また、常勤の医師がおり、医務室の設置が義務付けられているため、急な対応が必要な際などの安心感があることが魅力です。ですが、在宅復帰が前提にある施設なので継続して入居ができるかどうかの判断を3か月ごとに行い、継続が必要ないと判断されるとほかの施設に移らなければならないことがデメリットとしてあります。
介護医療院(介護療養型医療施設)
介護医療院は、最近創設されたばかりの比較的新しい施設で、医療設備の充実を重視しているため、介護度の高い方の中でも、より医療ニーズの高い方に対応可能な施設です。特徴としては医療設備の充実と、医師、看護師、薬剤師、栄養士などの医療に特化した職員配置が義務付けられていることが挙げられます。
なので、他の施設では受け入れの難しい「人工透析」や「胃ろう」などの問題を抱える方でも入所を検討できることが、最大のメリットといえるでしょう。また、看取りやターミナルケアも行っており、最後まで施設で面倒を見てほしいという希望のある方にとっても最適な施設といえるでしょう。
その他の施設
上記で紹介してきた施設のほかにも様々なサービスを提供する老人ホームが存在します。例を挙げると、認知症の高齢者が少人数で共同生活を送りながら、介護やリハビリを受けることのできる「グループホーム」や、比較的、介護度の低い方が低い費用負担で利用できる「軽費老人ホーム」などがあります。
また、老人ホームではありませんが、高齢者が自宅での生活を継続していけるように通いでのサービスを提供する「デイサービス」などもあります。デイサービスでは行き帰りの車での送迎があり、通うことに対する負担も少なく、食事や入浴などのサービスを受けることができます。
また機能訓練やレクリエーションなどの身体を動かすプログラムが充実しており、心身の健康を維持していくことができます。介護度が低く、老人ホームに入るほどではないがサポートが必要という方には最適なサービスになっています。

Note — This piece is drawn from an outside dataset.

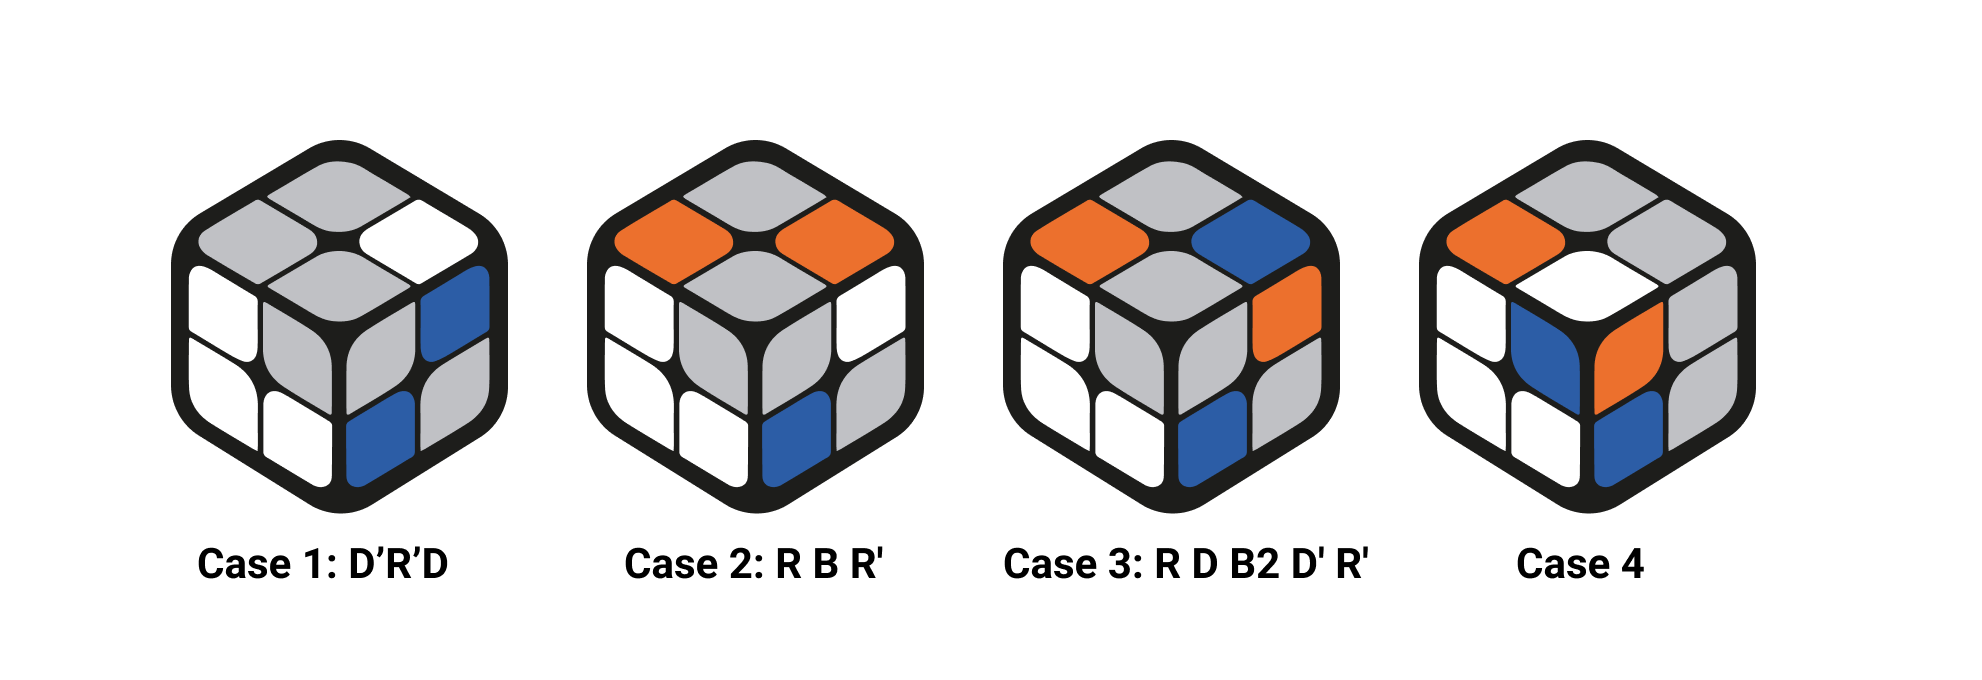 How to Solve 2x2 Rubik's Cube GoCube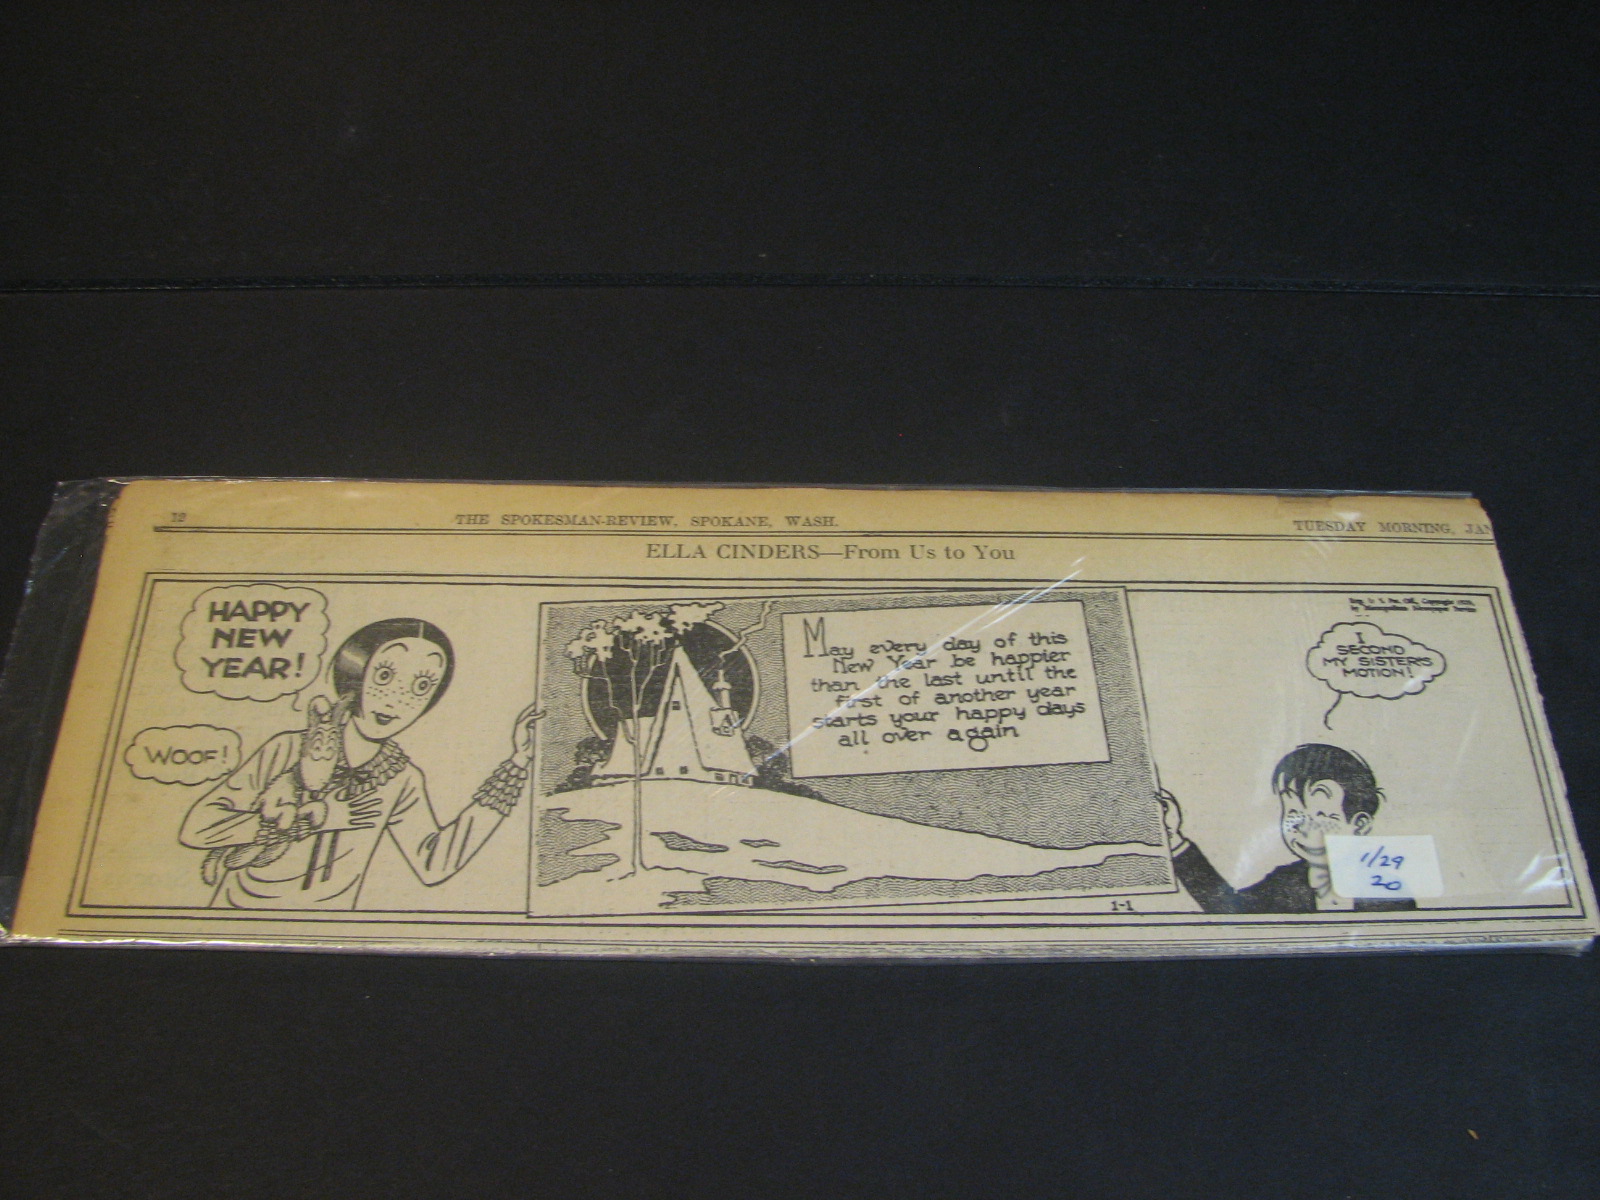 Andy Madura's Sunday Comics - Prince Valiant - 1953-1956

社会問題である介護に対しては色々な手助けが用意されている
介護の悩みを抱える人はこれからも増えていきます。しかし、在宅で介護を続けていくことはとても難しく、いつか限界がやってきます。そんな時はためらわずに他者の手を借りましょう。正しい知識を身につけ、行動を起こせば何歳からでも受け入れてくれる施設が必ず見つかるはずです。
それでも、どうすればいいか分からない場合は、地域の相談窓口に相談することをお勧めします。きっとあなたの力になってくれることでしょう。